As Mirkos and I neared the end of our ride one afternoon, I noticed a skunk waddling his way toward the arena. Although I was debating continuing our ride a little longer, that clinched my decision to stop for the day.
I constantly glanced over my shoulder and peered out from the stall doorway while untacking Mirkos, afraid that the intruder would attack after being discovered. Images of what would happen if we were to be sprayed flashed before my eyes, but the animal did not come for us. Then it hit me–I had to pass the stall to put away the tack and get Mirkos’ dinner. I quietly inched my way toward the feed room and peeked into the stall that had been occupied by the trespasser, my heart racing. But the skunk was gone. I breathed a sigh of relief and mustered up the courage to check every other stall in the barn. He had vanished completely. I was still on guard as I went to get Mirkos’ feed, waiting for the skunk to jump out from a dark corner.

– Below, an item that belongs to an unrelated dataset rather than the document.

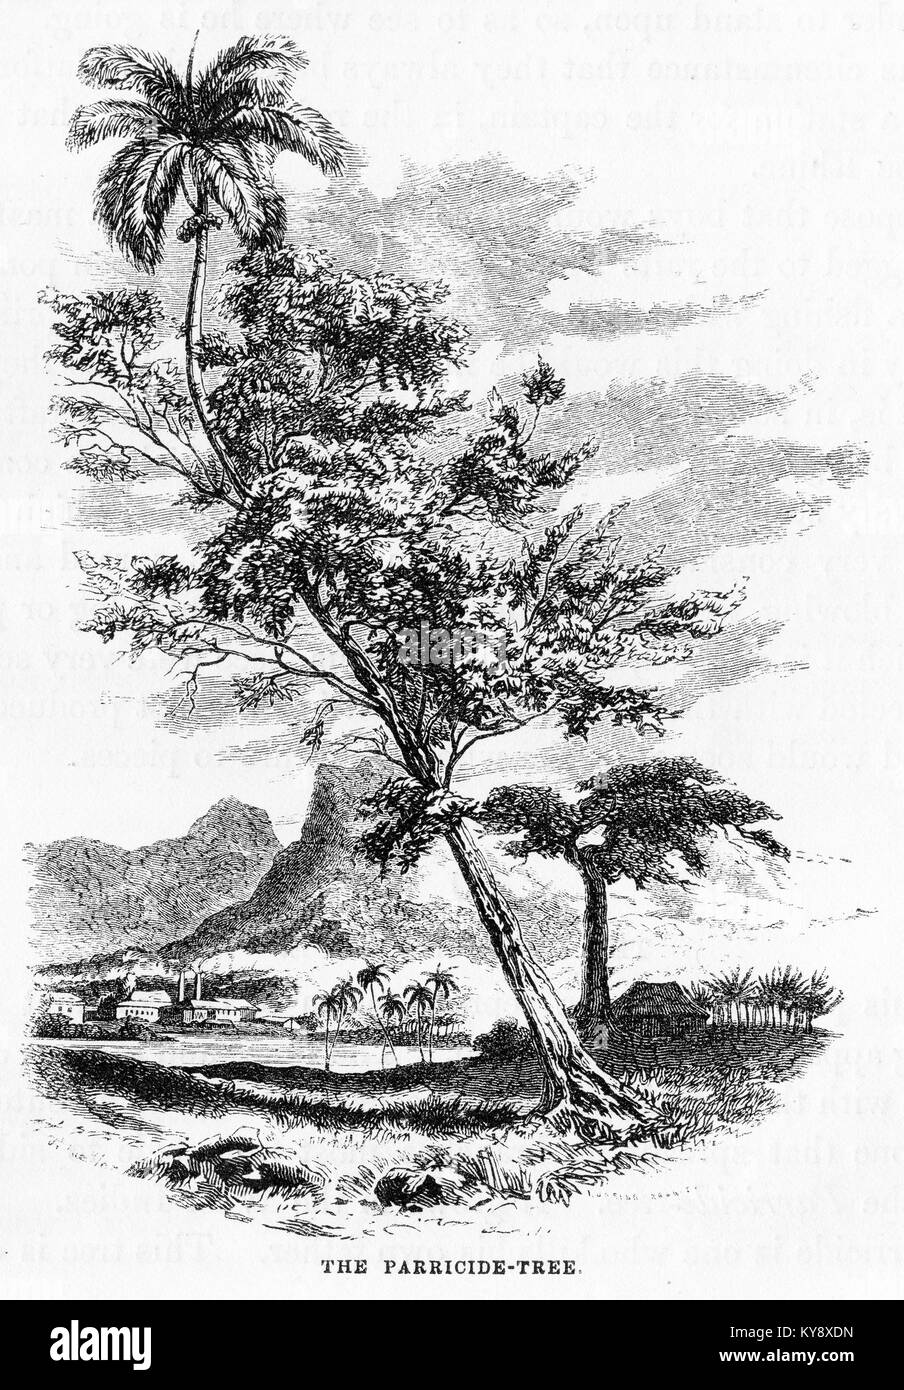 Grabado de una especie de árbol que crece parasitaria en un cocotero en los trópicos. A partir de un original grabado en la Harper's libros de cuentos por Jacob Abbott, 1854. Foto de stock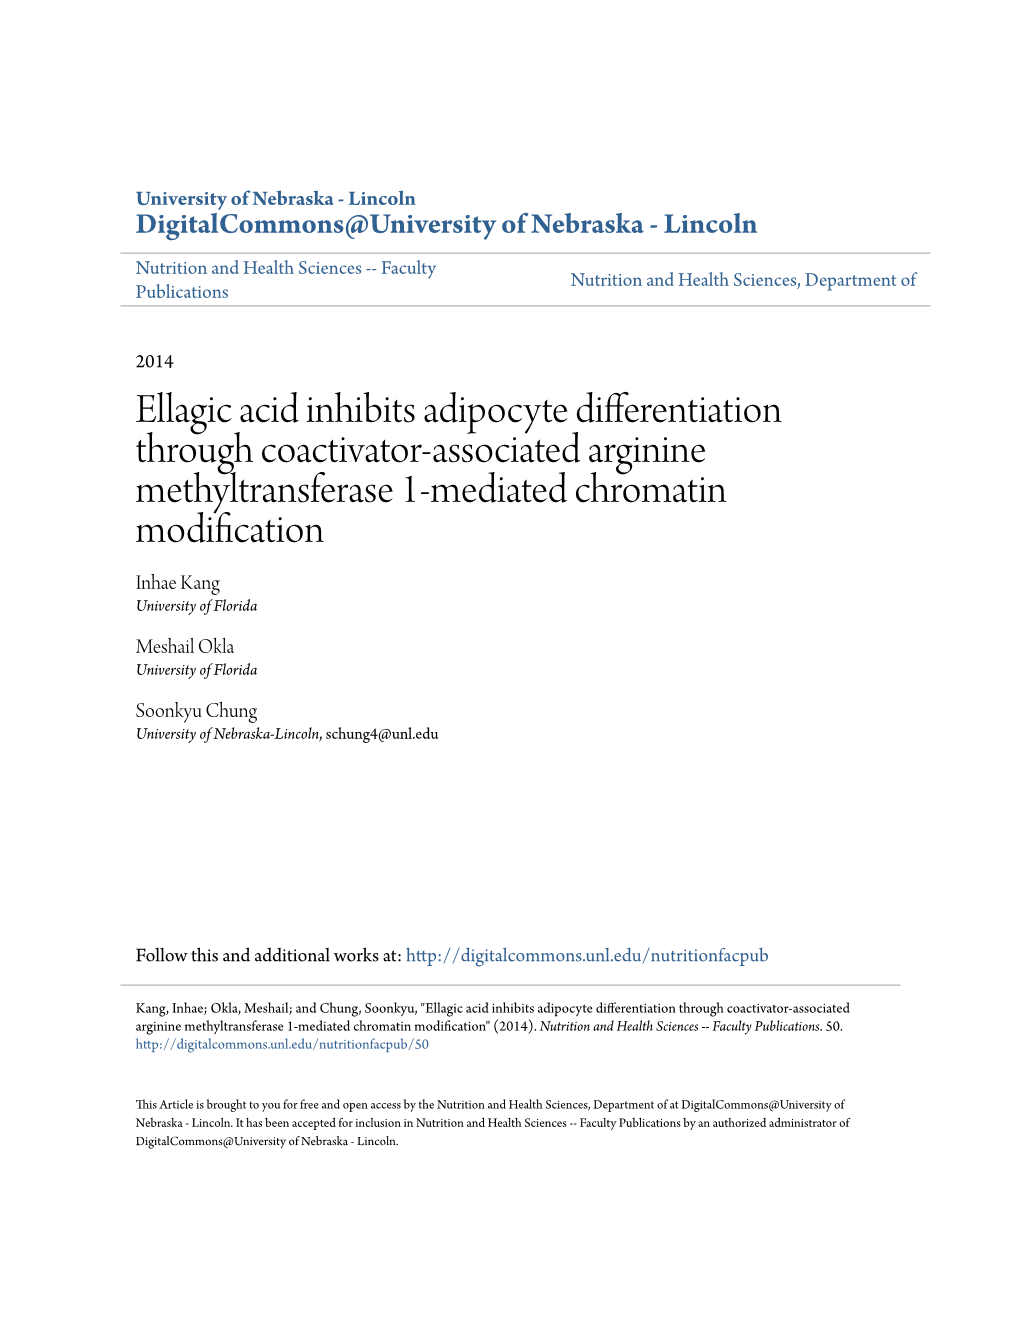 Ellagic Acid Inhibits Adipocyte Differentiation Through Coactivator

I don’t know where he went, but I did not see the skunk again that afternoon. However, as I drove away from the barn, I spotted three baby skunks near the garbage can that sat right outside the doorway of the house where one of the barn workers lives. I honked my horn in hopes that the guy would come to the door, but when he didn’t, I resolved to put myself in the line of fire to save someone else. As I approached the front door, the young pollutants scurried into a drain, but I could still see them watching me. They were adorable, obviously a ploy to lure unsuspecting prey. I worried that mom would lurch from the bushes to attack, but she must have been away gathering food for her offspring. I knocked on the door, but no one came, so I ran for the cover of my car and dialed the barn manager to alert him of my experiences. The next day there were trap-and-release cages set up in the barn. The skunks have been elusive to this day, likely waiting for us humans to get comfortable before they strike again.